WotC could collabs with Epic Games for a "Fortnite" version of Gamma World/Star Frontiers/Alternity-Star*Drive, like retropunk - vintage sci-fi.
 



edhel

Explorer
This ... is actually insightful and could play into some interesting "Simplified D&D" concept games.

Take the 5 slot inventory, as an example. Designate one slot for Armor and give the player a "Non-Slot" weapon, like Fortnite, and suddenly the choices, by class, become pretty obvious.

Fighter: Melee Weapon, Ranged Weapon, Shield, Health Potion
Rogue: Off Hand Weapon, Ranged Weapon, Torch, Thieves Tools
Wizard: Spell, Spell, Spell, Spell

Yeah. In a Fortnite style game, Wizards would get spells as items since they're as reusable as shotguns (Just need to get ammo). Fighter's gotta have the sword and board option, the big weapon option, and the ranged option. Rogue's gotta be able to disarm traps...
This is basically the OSR rpg Knave.
 

Fortnite to me is the boy band of gaming.

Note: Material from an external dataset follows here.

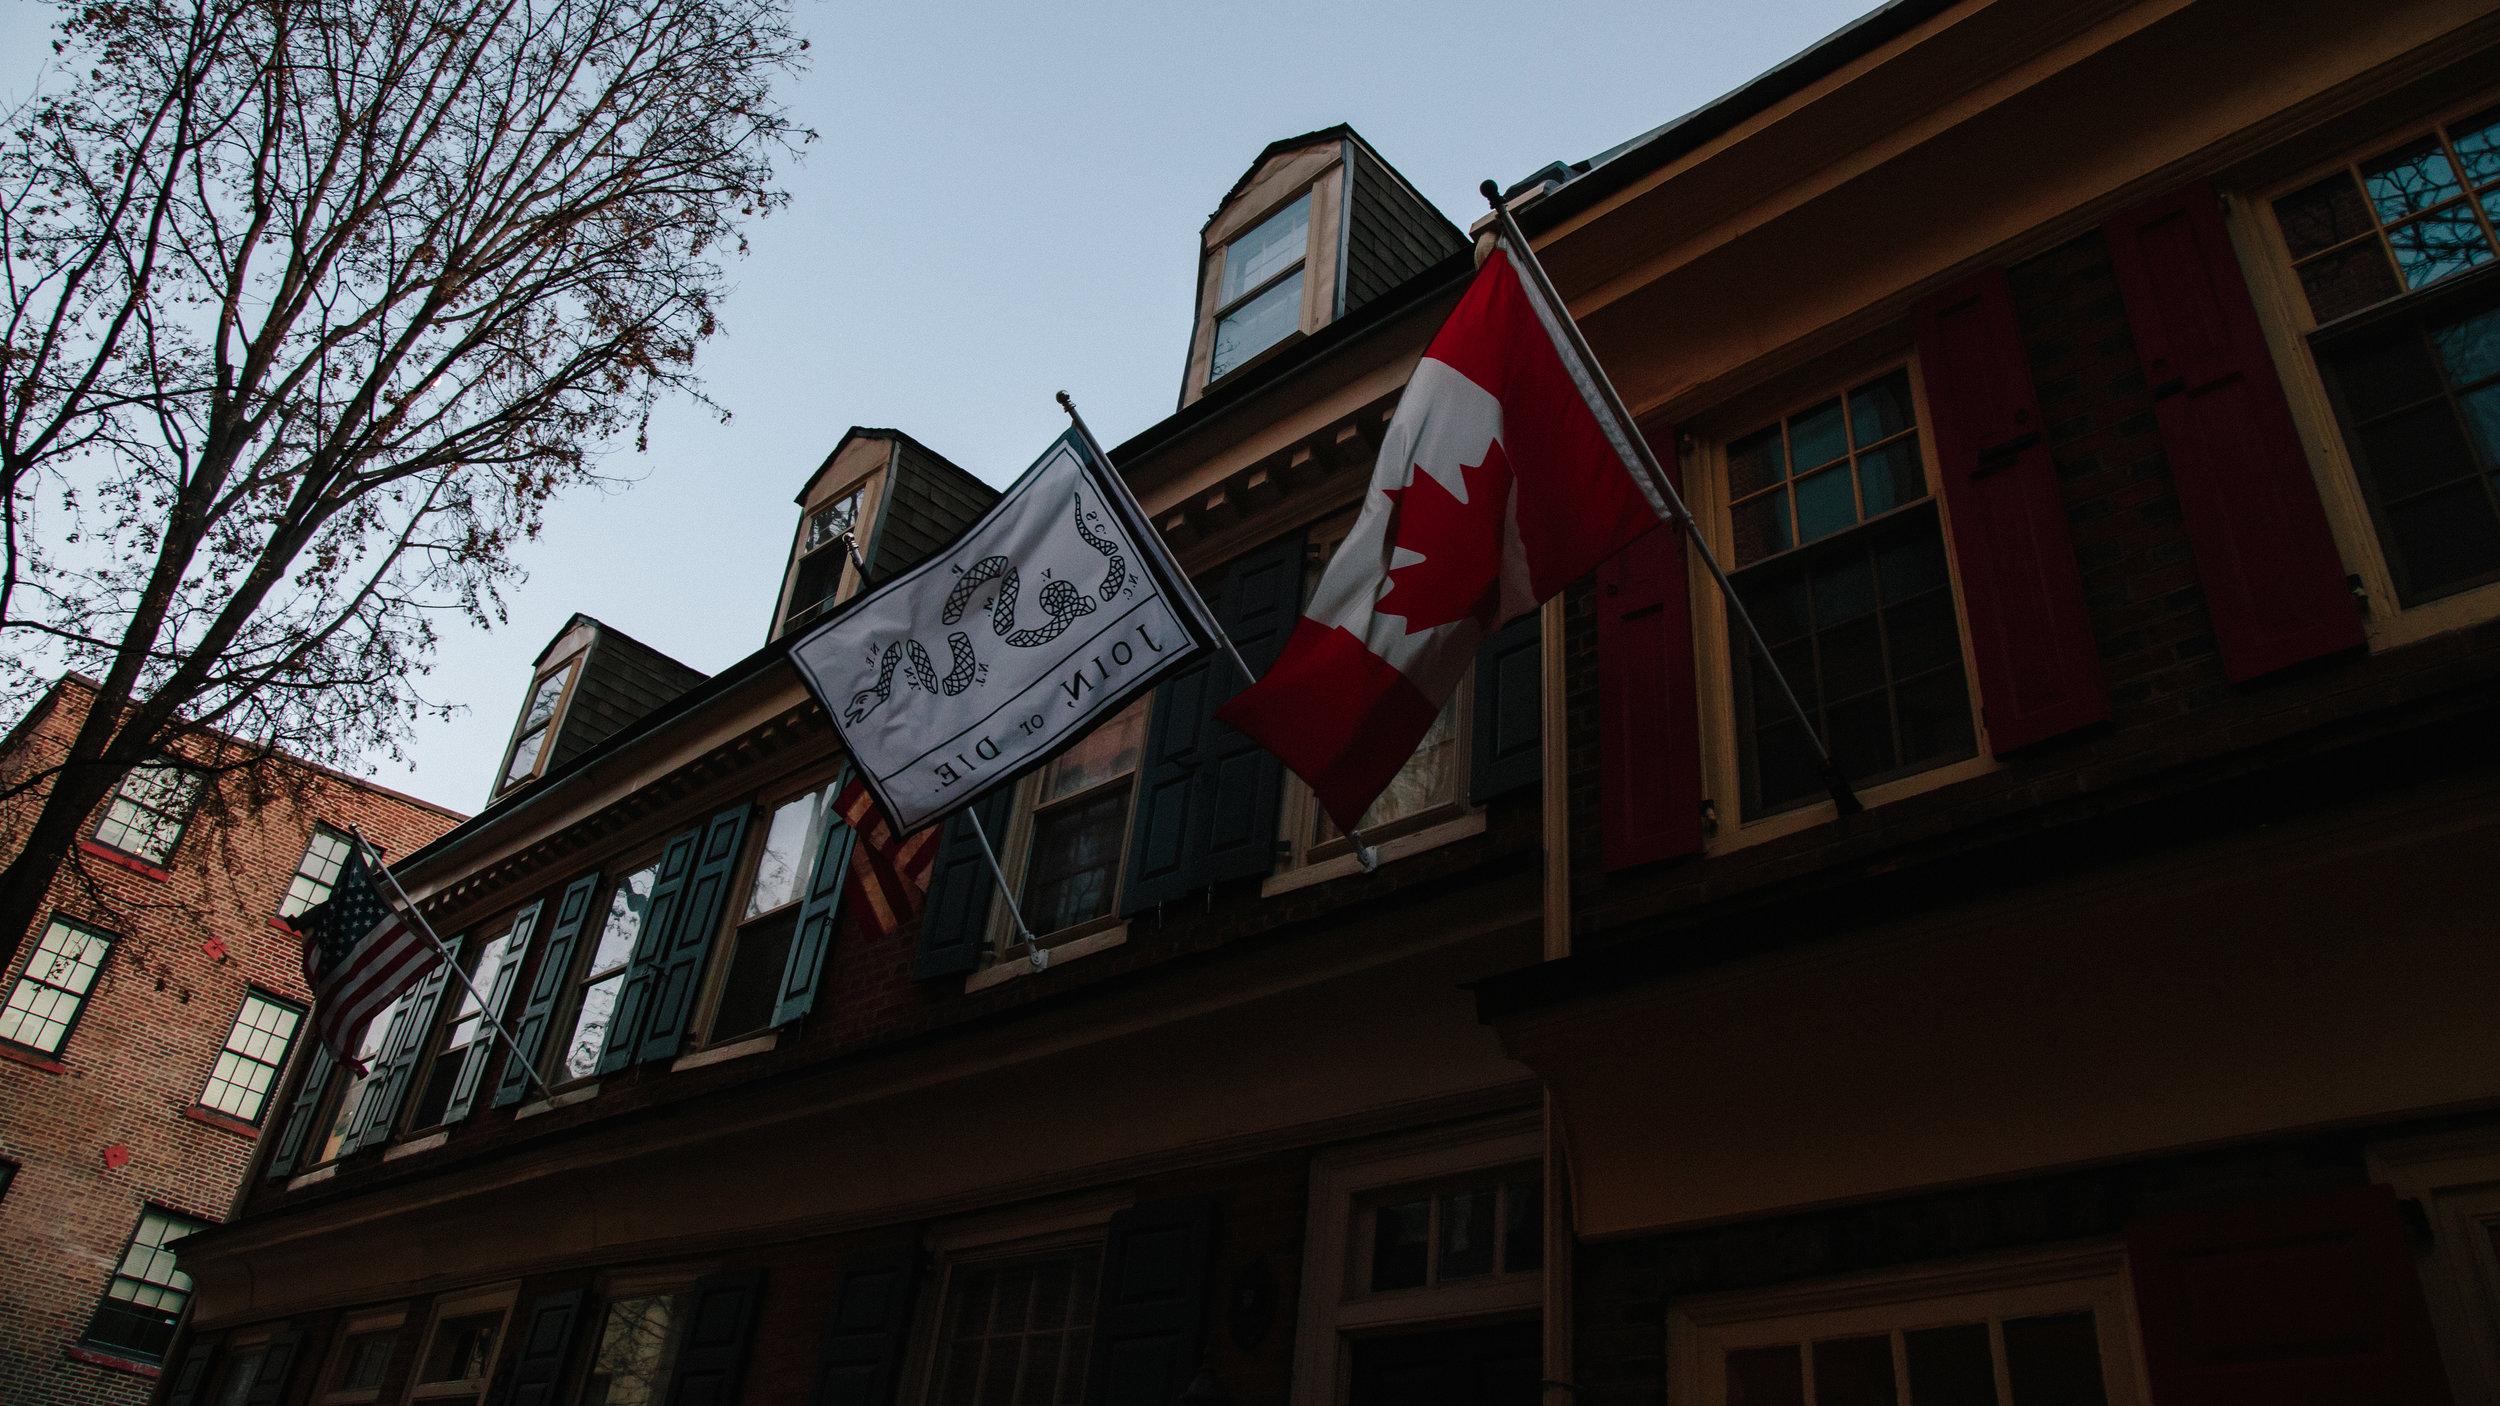 Flags on Building-71.jpg

I have no idea what this means.

Anyway, I can relate to @talien. I too got into Fortnite to play with my kids. And I can definitely see how some of the group activities line up with D&D. But now my kids have moved on to Roblox and Minecraft, and I'm left occasionally playing Fortnite by myself. FWIW, I'm strictly a "No Build" mode player at this point.